Well, there are actually a few caveats to these numbers and things to unpack like the actual cost of training, which is higher than this. . .
But before I get to that, let's first cover how DeepSeek models work and why they are so much faster. Because, there have been lots of things circulating in the media recently, and sometimes I feel like the authors haven't even read any of the papers. So, DeepSeek recently published two models- V3 and R1.
And let's start with V3, which is the third iteration of their main foundation language model, and it's basically another big language model like Gemini or Llama. One of the major changes that made V3 so much faster is that it uses something called "Mixture-of-Experts", or MoE. And the idea behind MoE is that instead of processing input by a single large model, we divide the model into smaller networks, called experts, where each expert specializes in something unique - like a different domain or a different type of syntax.
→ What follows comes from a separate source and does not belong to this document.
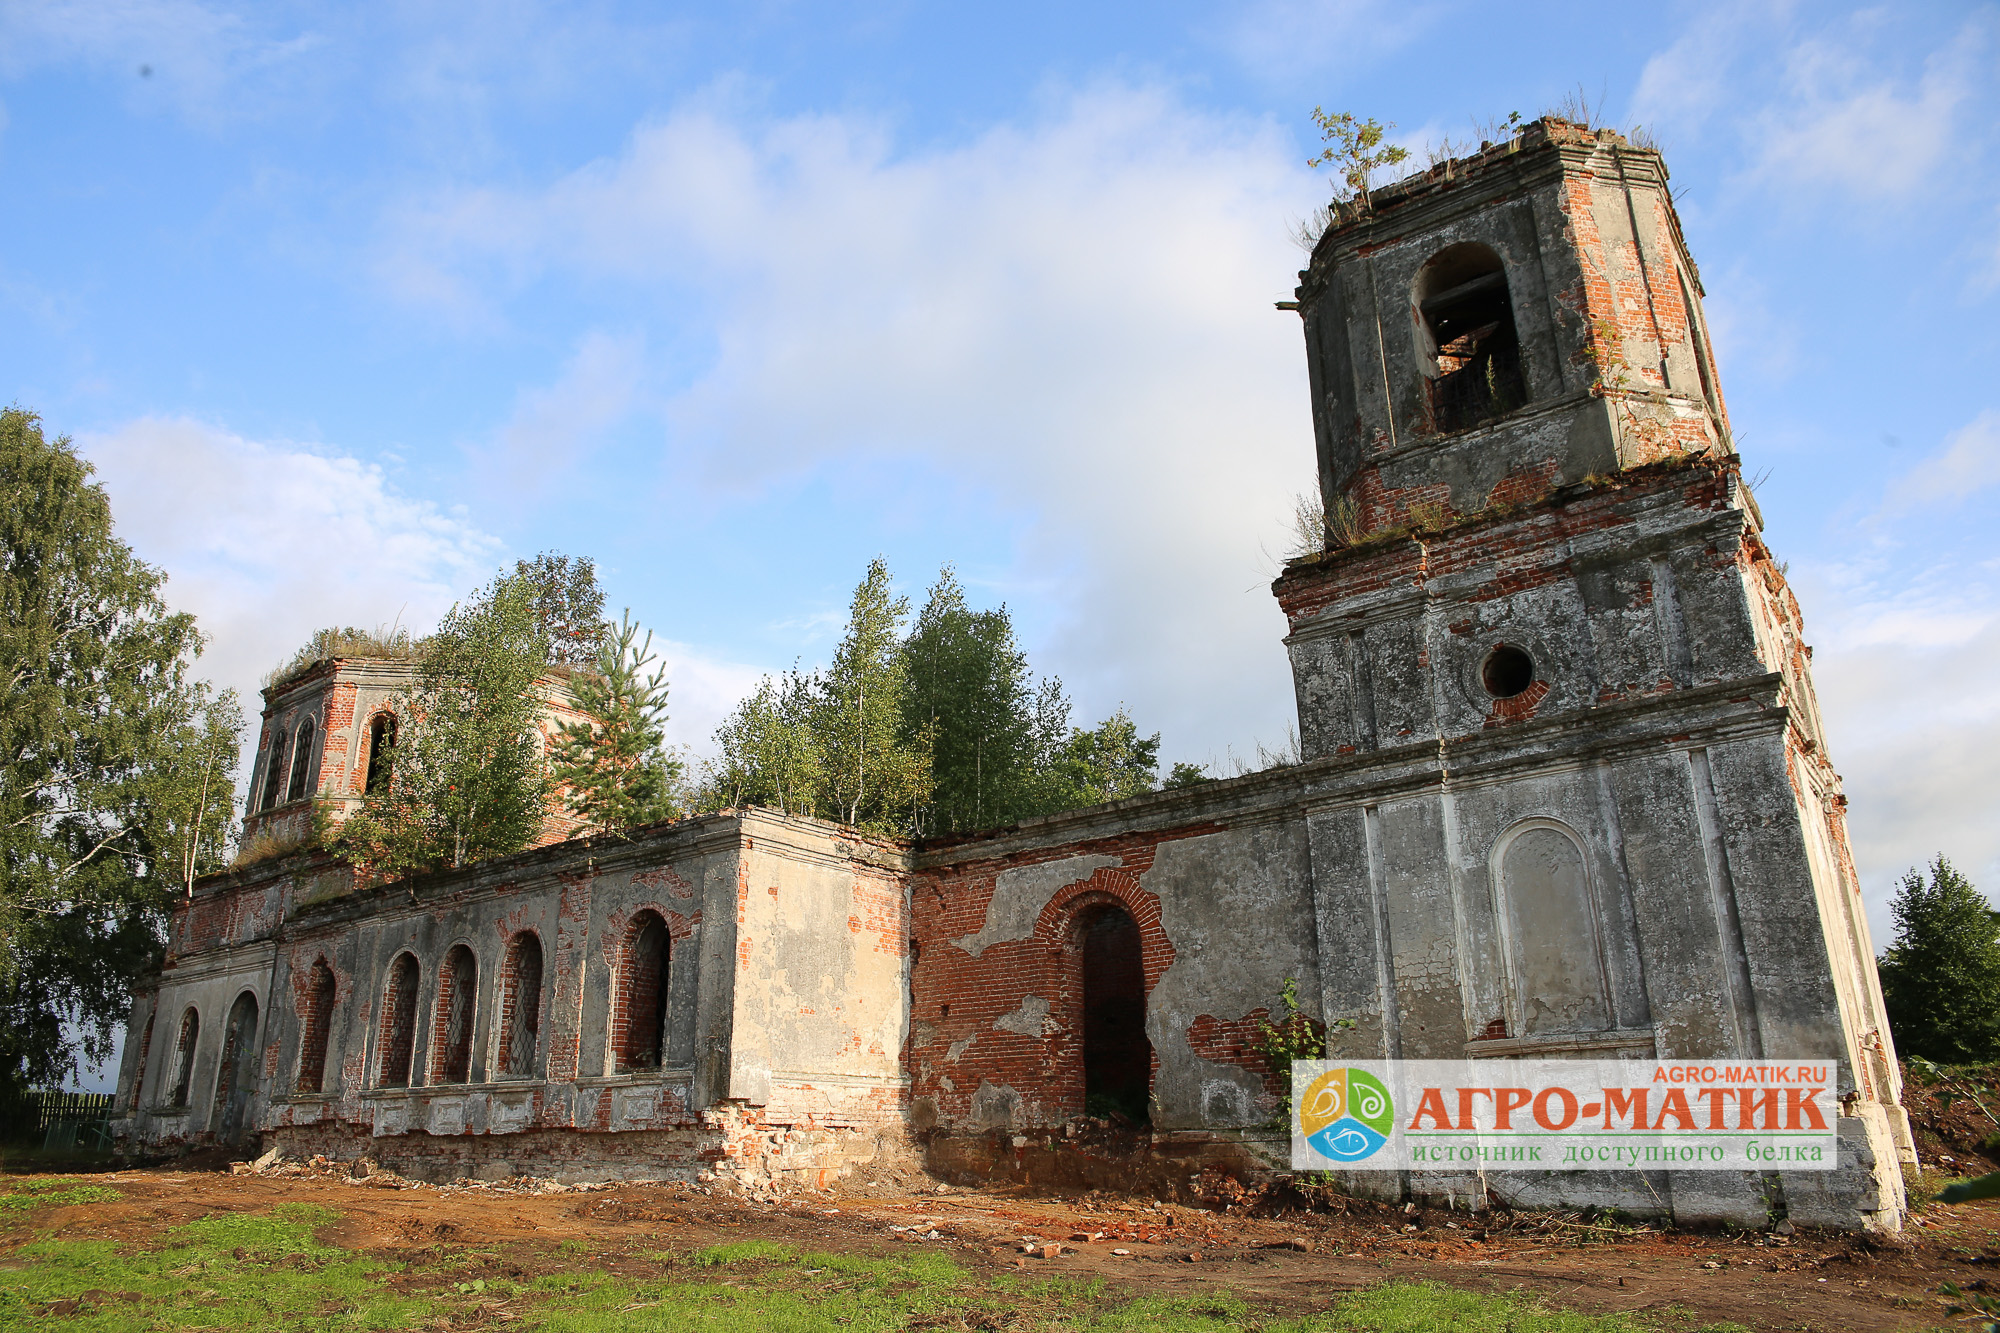 «Агро-Матик» стал инициатором восстановления храма в селе Досчатое / Агро-Матик #2

And when we process the input, we don't pass it to all experts. Instead, we use an additional smaller network, called router, which looks at the given input and maybe says something like: "Hmm, I think only the first and the last experts should process this input". And for the next input, it picks a different set of experts and so on.
MoE is applied on every layer of the transformer network, and it actually replaces all dense layers. And so if this works, then this is great, because first of all, we're processing the input in these specialized sub-networks that can do the task better. And second, and that's even more important here, we're saving a lot of computation.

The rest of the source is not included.